Görüldüğü üzere, kamu bürokrasisi ve onun icraattaki temsilcileri olan devlet memurları, aslında doğrudan bir katma değer üretmiyor. Toplumun ve ekonominin yüksek katma değer üretmesi için uygun altyapının ve işleyiş düzeninin kurulması; gerekli regülasyonun sağlanması ve kaynakların rasyonel dağılımı konusunda görev yürütüyor. Bu bağlamda, devletin temel yapı ve işleyişiyle “toplumsal ve ekonomik faydayı” maksimize etmesi bekleniyor.

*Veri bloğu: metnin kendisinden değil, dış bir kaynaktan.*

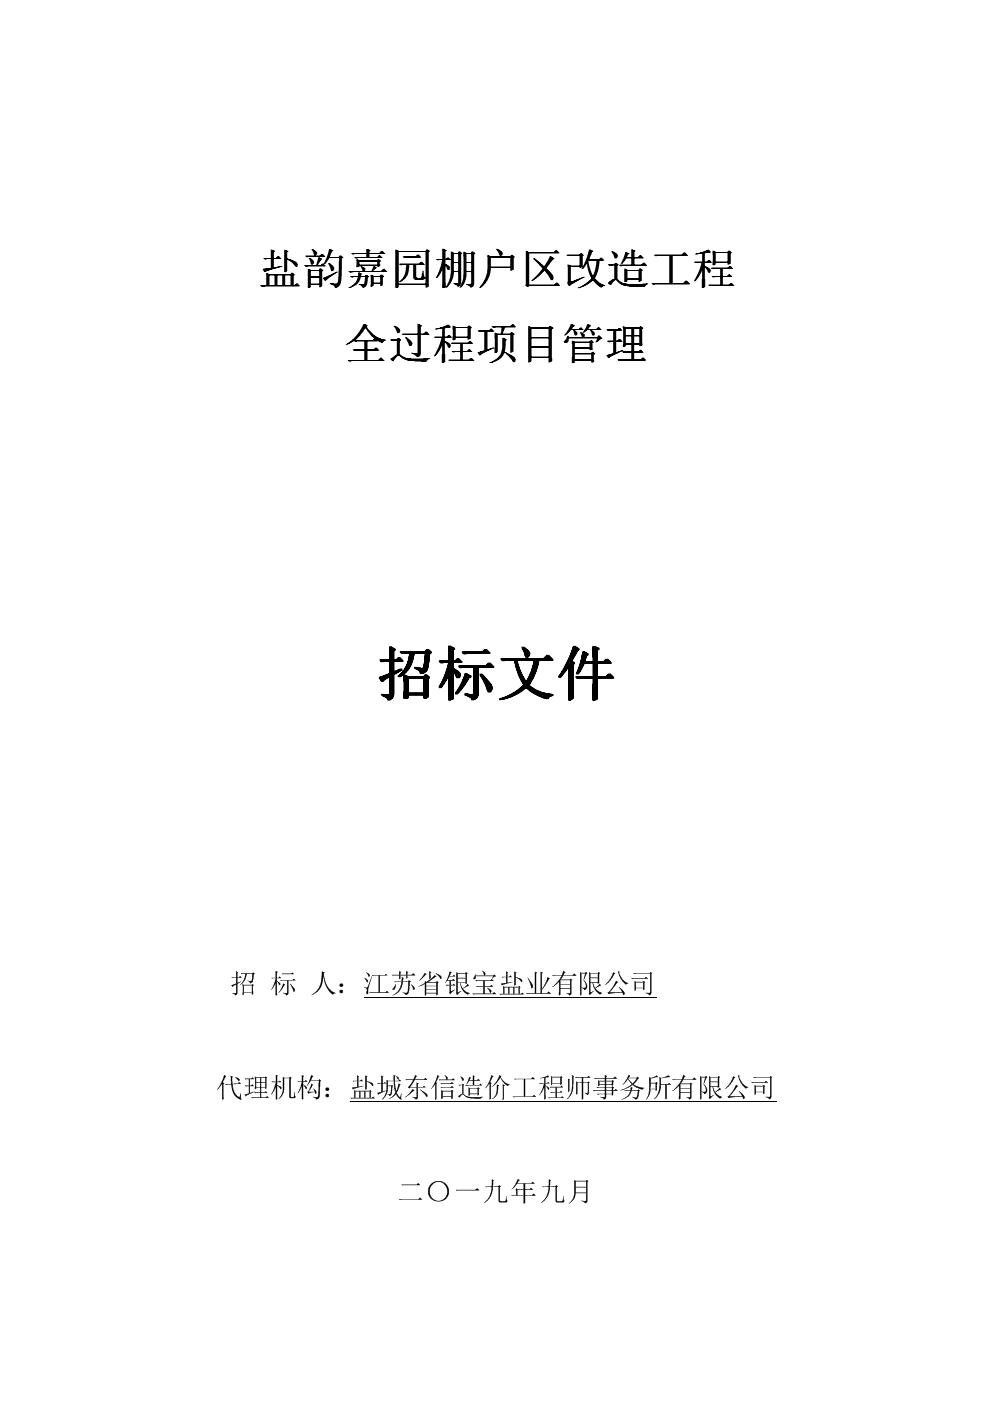 盐韵嘉园棚户区改造工程全过程项目管理招标文件.doc

Ama, eğer bizim ülkemizde de görüldüğü üzere, pratikte işlevini kaybeder ve sadece “popülist amaçlı kamu istihdamı” ile personel kadroları şişirilirse, kendisi bizatihi kaynak tüketen ve temelde “kendi varlığını sürdürmeyi önceleyen” bir mekanizmaya dönüşür. Fazla sayıda oluşturulan hiyerarşik kademeler, gereksiz ve işlevsiz görev pozisyonlarından doğan imza aşamaları, oyalanmalar ve gel-gitlerle; aksine, ekonominin ve üretici unsurların değer üretme kapasitesini azaltan, potansiyelini söndüren, kaynakları kurutan bir yapı haline gelir. Bu durumda devlet, toplumun hizmetinde ve toplumun yükünü çeken bir yapı olması gerekirken; bizzat “toplumu kendisine hizmet ettiren” ve “toplumun sırtında taşınan” bir yüke dönüşür.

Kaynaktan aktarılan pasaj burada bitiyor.